Verne was under contract from 1865 onward to submit three volumes a year to Hetzel, but Hetzel had no clear obligation to accept them. One of the books he seems to have rejected was Uncle Robinson, about a shipwrecked family forced to build a semblance of civilization from scratch. At the very end a pellet indicates the presence of someone else on the island. After the rejection, Verne reworked the idea into The Mysterious Island, adding many other inexplicable events; and during this process, someone decided to graft Nemo onto it. (It may be telling that Nemo’s name first appears in a marginal note in Hetzel’s handwriting.) Nemo turns out to be a bad fit: as Butcher points out, his presence as a deus ex machina completely undermines the “robinsonade” premise of the novel; and his benevolent role in the novel completely undermines his role in Twenty Thousand Leagues. Verne gave him a backstory that—besides its patent absurdity—makes a complete hash of the internal dating of events in the novel and destroys the coherence of dates in the other trilogy novels, Twenty Thousand Leagues and The Children of Captain Grant. Did Verne simply stop caring, or was he being deliberately subversive?

Verne left some other badly joined seams in plain view. The lead pellet remains from the original draft, and Pencroff bites down on it. The “colonists” draw the logical conclusion that the person who fired the gun is their mysterious benefactor, and the book never contradicts that conclusion. But this makes no sense: Nemo doesn’t use gunpowder or guns and doesn’t hunt land animals anyway—in fact he never sets foot on land on principle.

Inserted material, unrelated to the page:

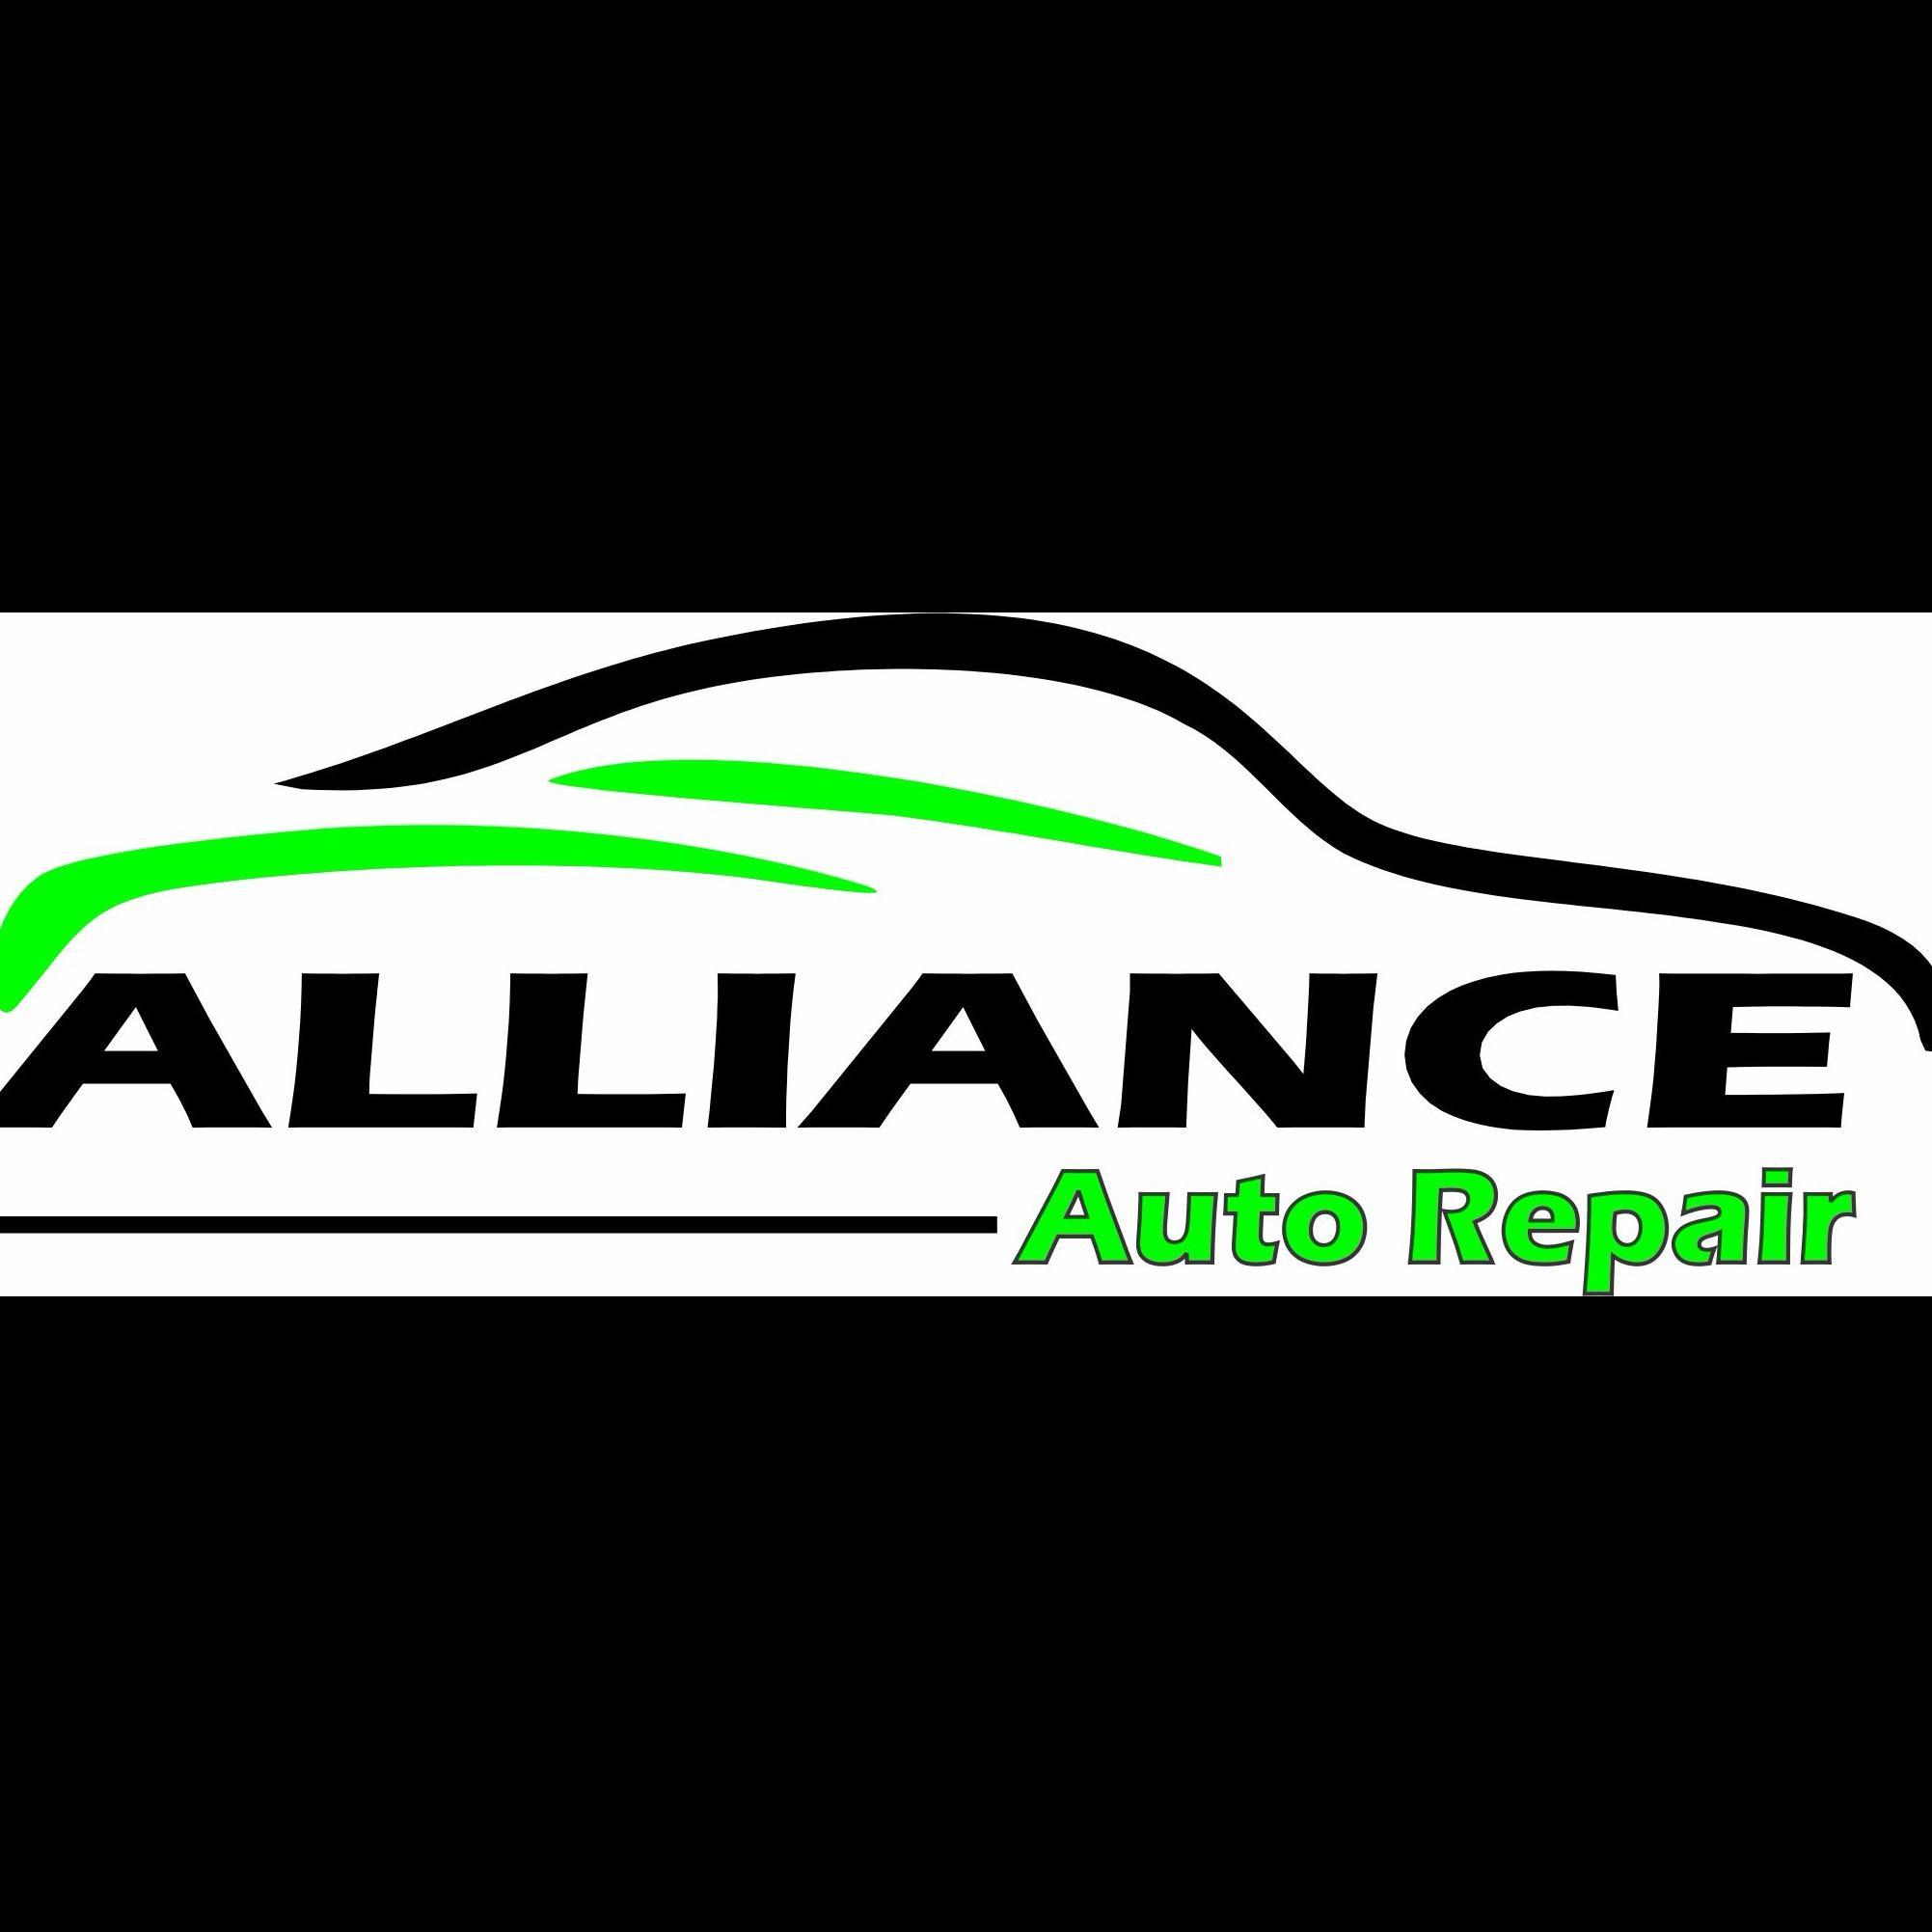 Alliance Auto Repair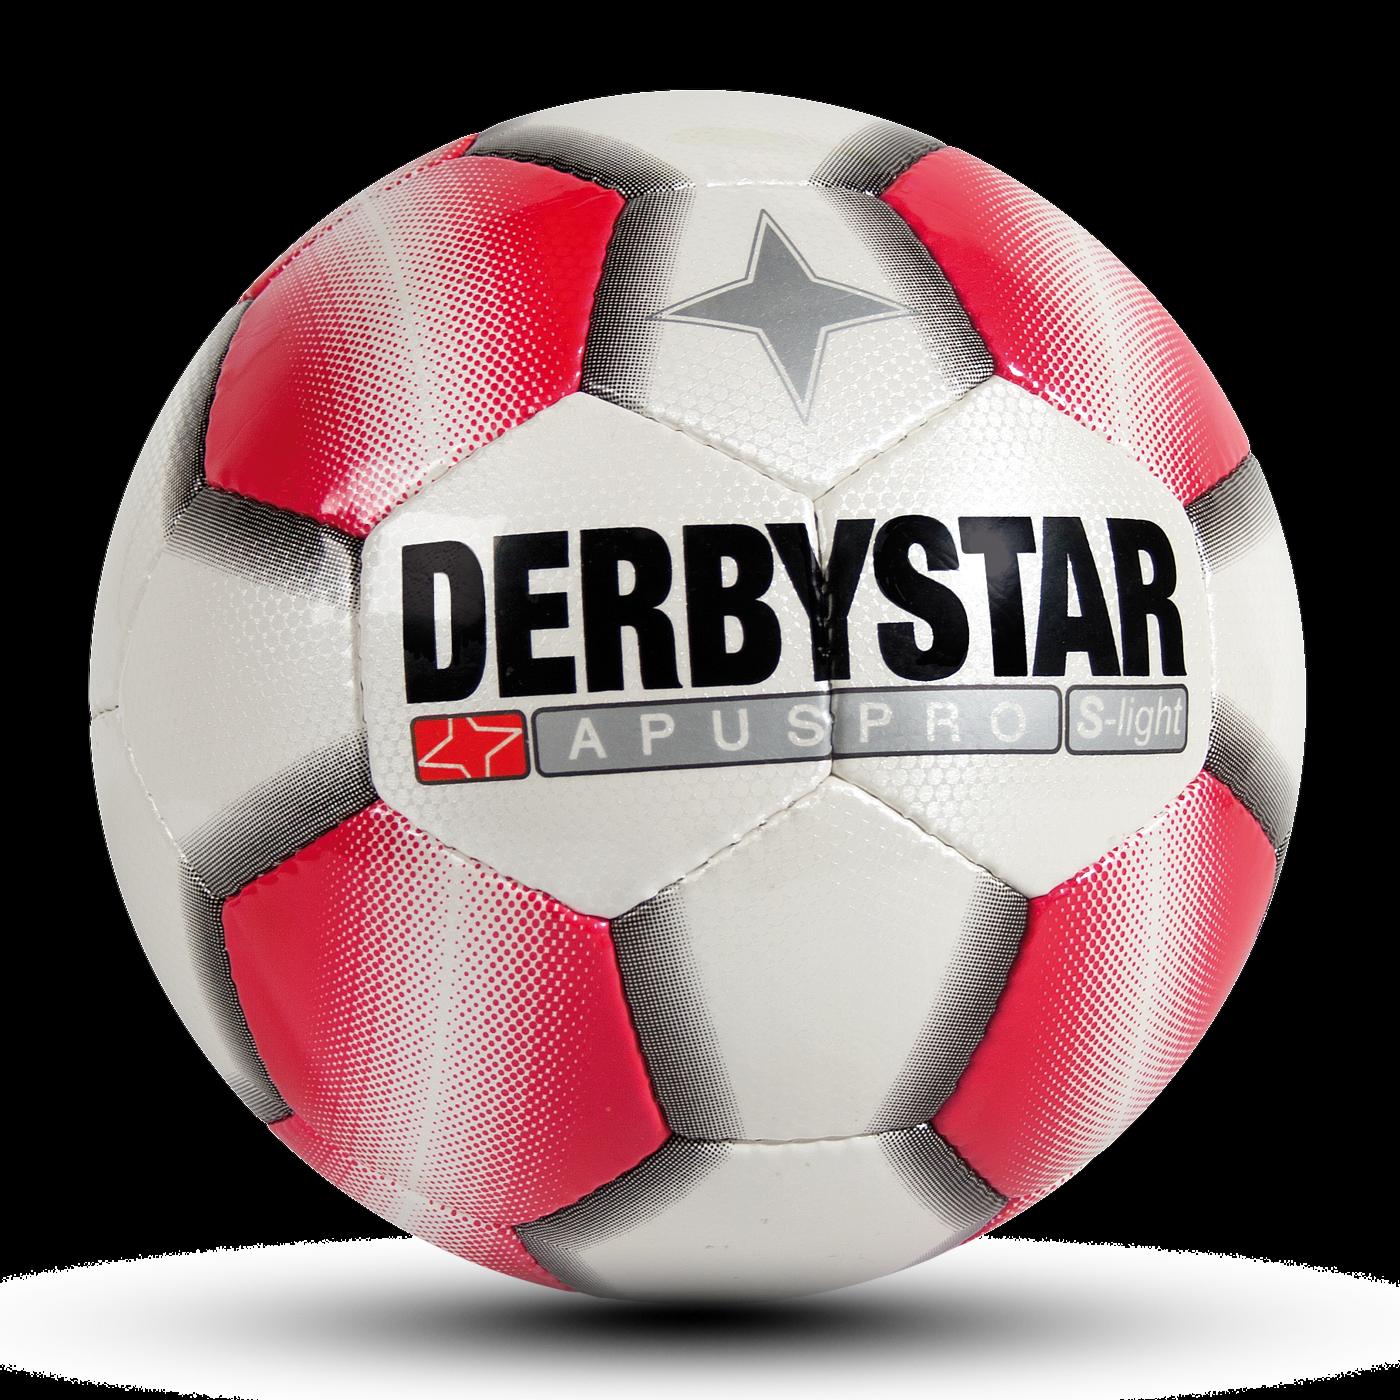 10 Derbystar Fußbälle APUS Pro S-Light, Gr. 4

Hetzel made or strongly recommended changes large and small. The last word of Verne’s Nemo is “Independence!”; the last words of Hetzel’s Nemo, in his own hand in the manuscript, are “My God and my country!” To Verne’s list of life-saving items found in the mysterious sea-chest, Hetzel added a New Testament—an unusual choice for a gift from Captain Nemo—along with a scene of reverential prayer that followed its discovery. (Verne sometimes made references to Providence; the publisher usually changed them to explicitly Christian sentiments.) Other changes Hetzel wanted were for the colonists to build a railroad and to seek help by flinging a message-in-a-bottle into the ocean. Verne resisted the first, but the second found its way in, even though Verne detested it as a worn-out cliché: the colonists find a message in a bottle that leads them to Tabor Island, where they rescue Ayrton, marooned in Captain Grant.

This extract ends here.